■ What to do ■
All the lines below should appear again unchanged, though their pictures should not.

=== Data excerpt ===

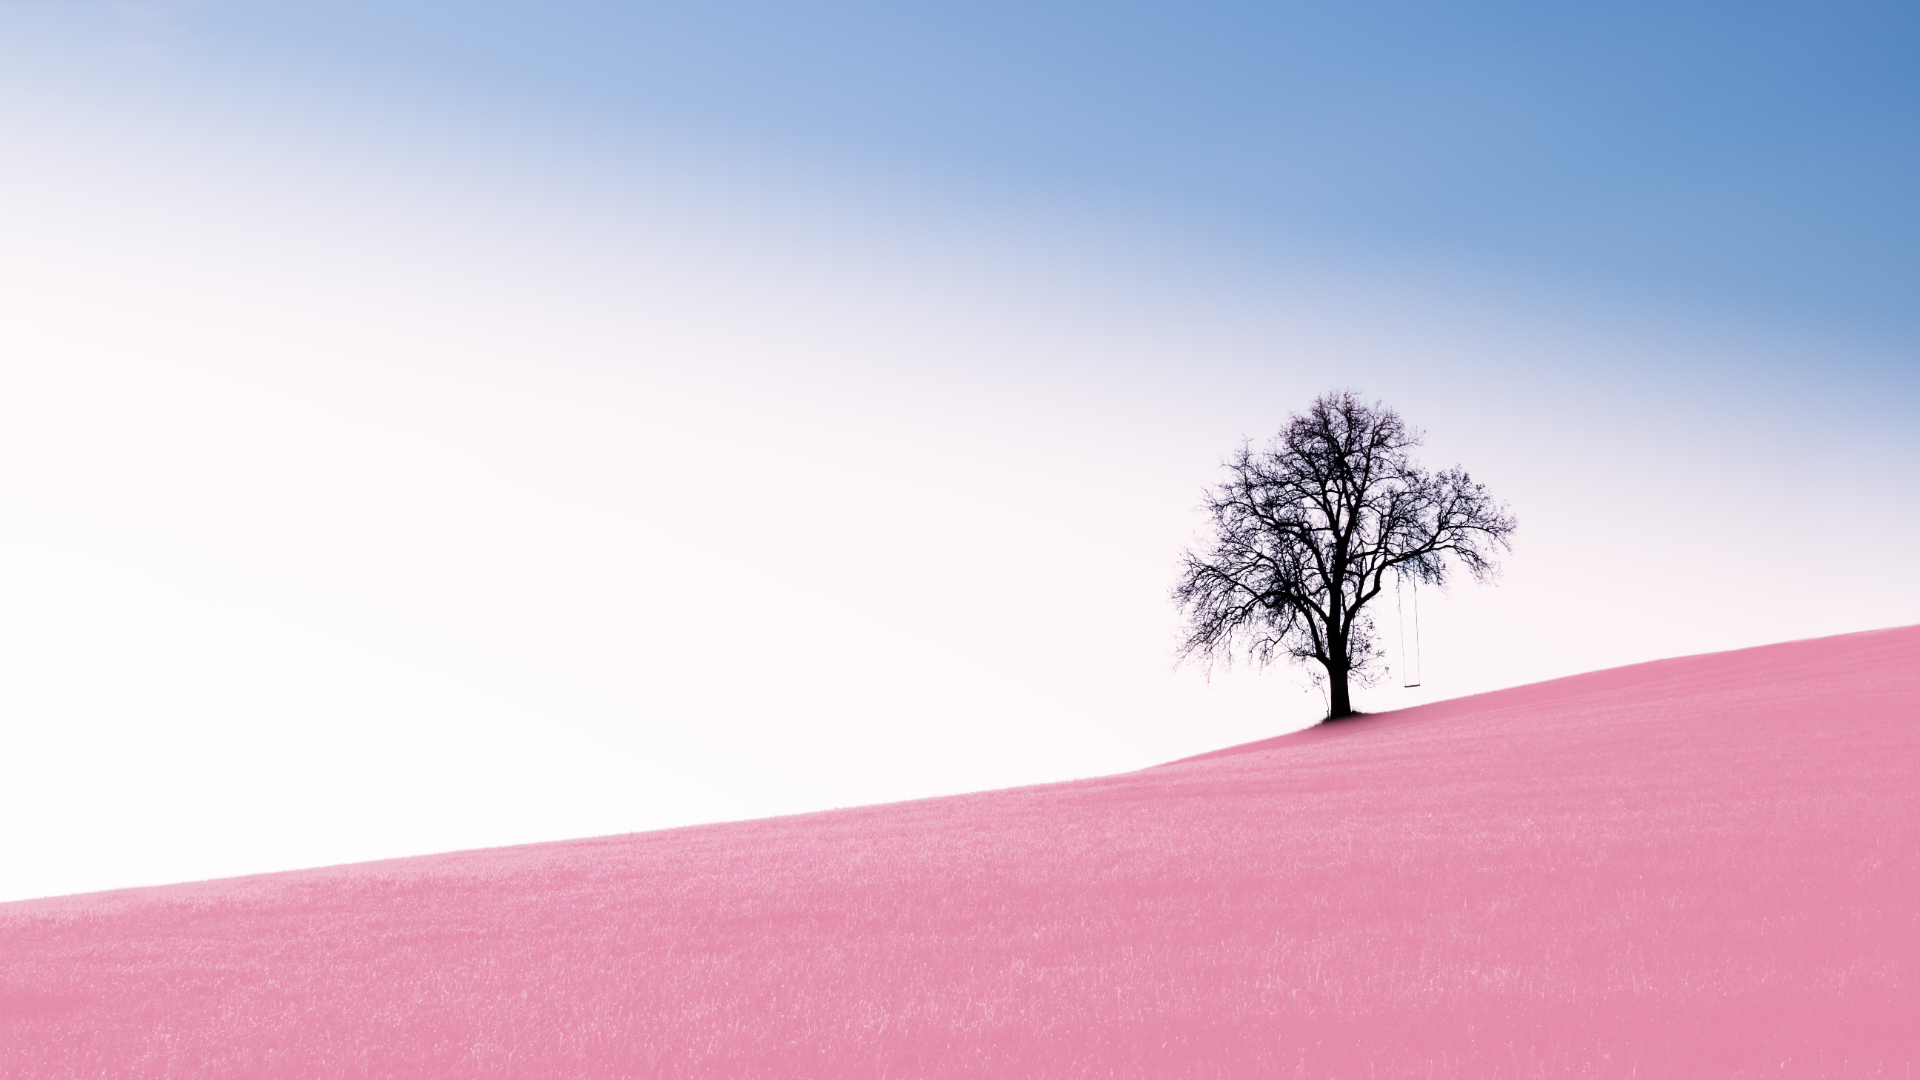 General 1920x1080 nature landscape trees grass sky clear sky selective coloring pink
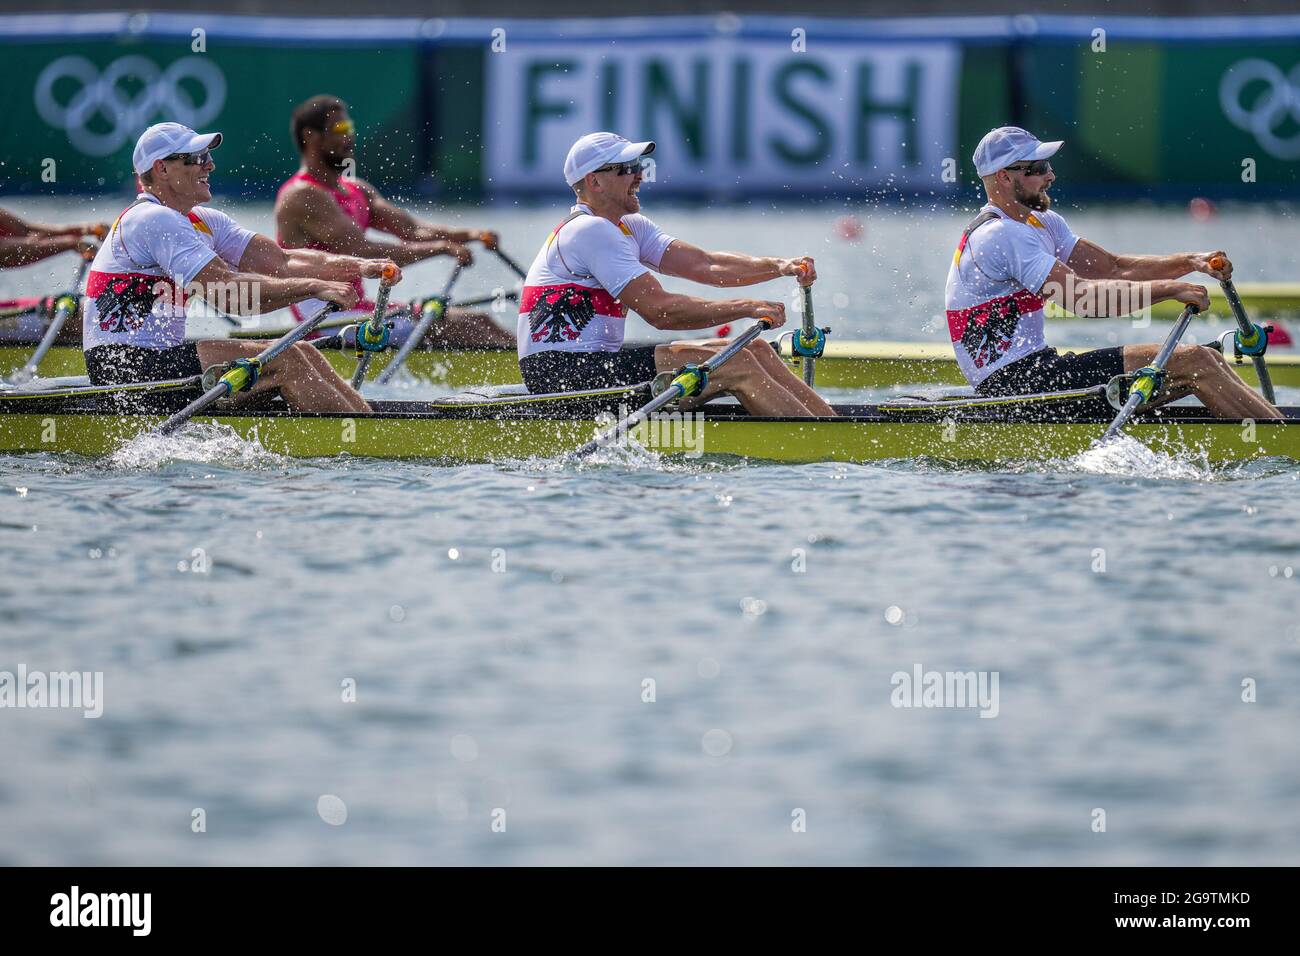 TOKYO, JAPAN - JULY 28: Tim Ole Naske, Karl Schulze, Hans Gruhne and Max Appel of Germany competing on Men's Quadruple Sculls Final B during the Tokyo 2020 Olympic Games at the Sea Forest Waterway on July 28, 2021 in Tokyo, Japan (Photo by Yannick Verhoeven/Orange Pictures) Stock Photo
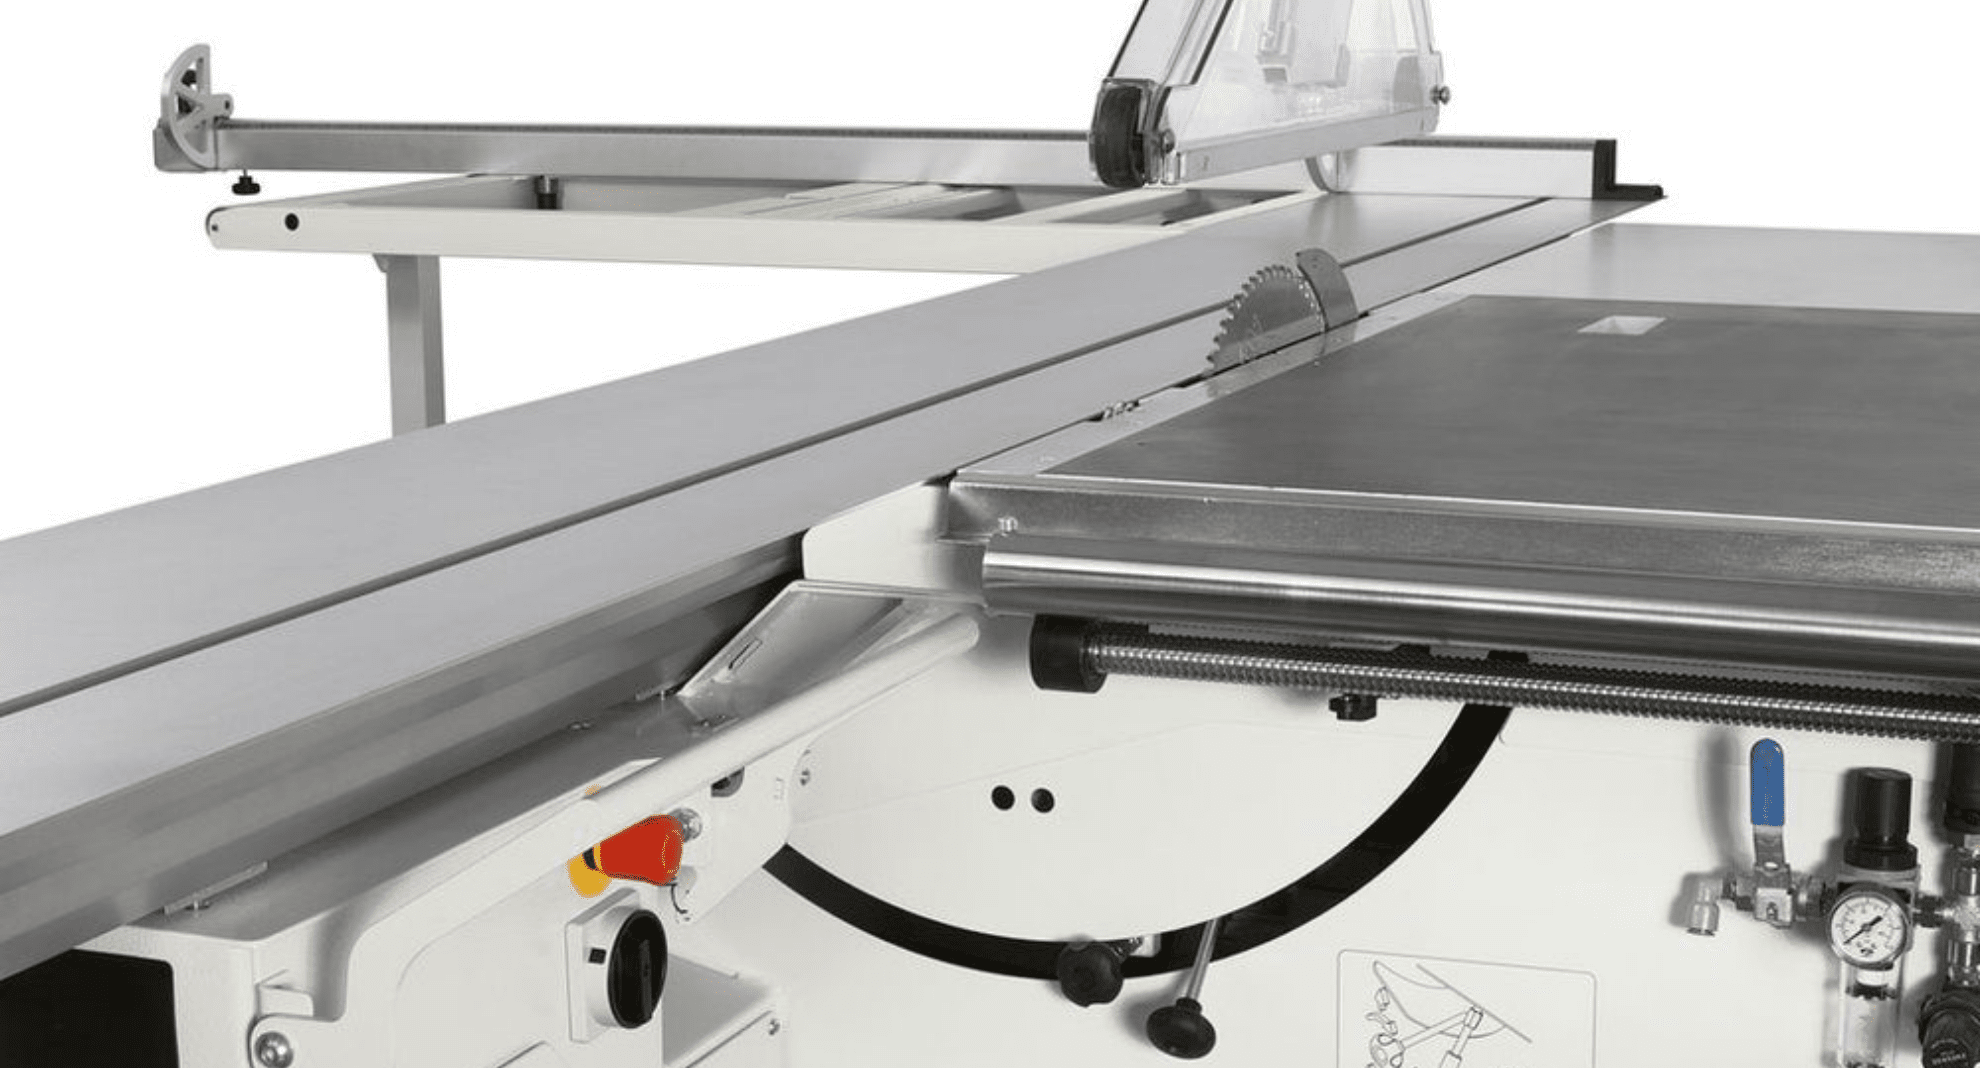 The sliding table on a panel saw

===

■ The completed task ■
 General 1920x1080 nature landscape trees grass sky clear sky selective coloring pink
 TOKYO, JAPAN - JULY 28: Tim Ole Naske, Karl Schulze, Hans Gruhne and Max Appel of Germany competing on Men's Quadruple Sculls Final B during the Tokyo 2020 Olympic Games at the Sea Forest Waterway on July 28, 2021 in Tokyo, Japan (Photo by Yannick Verhoeven/Orange Pictures) Stock Photo
 The sliding table on a panel saw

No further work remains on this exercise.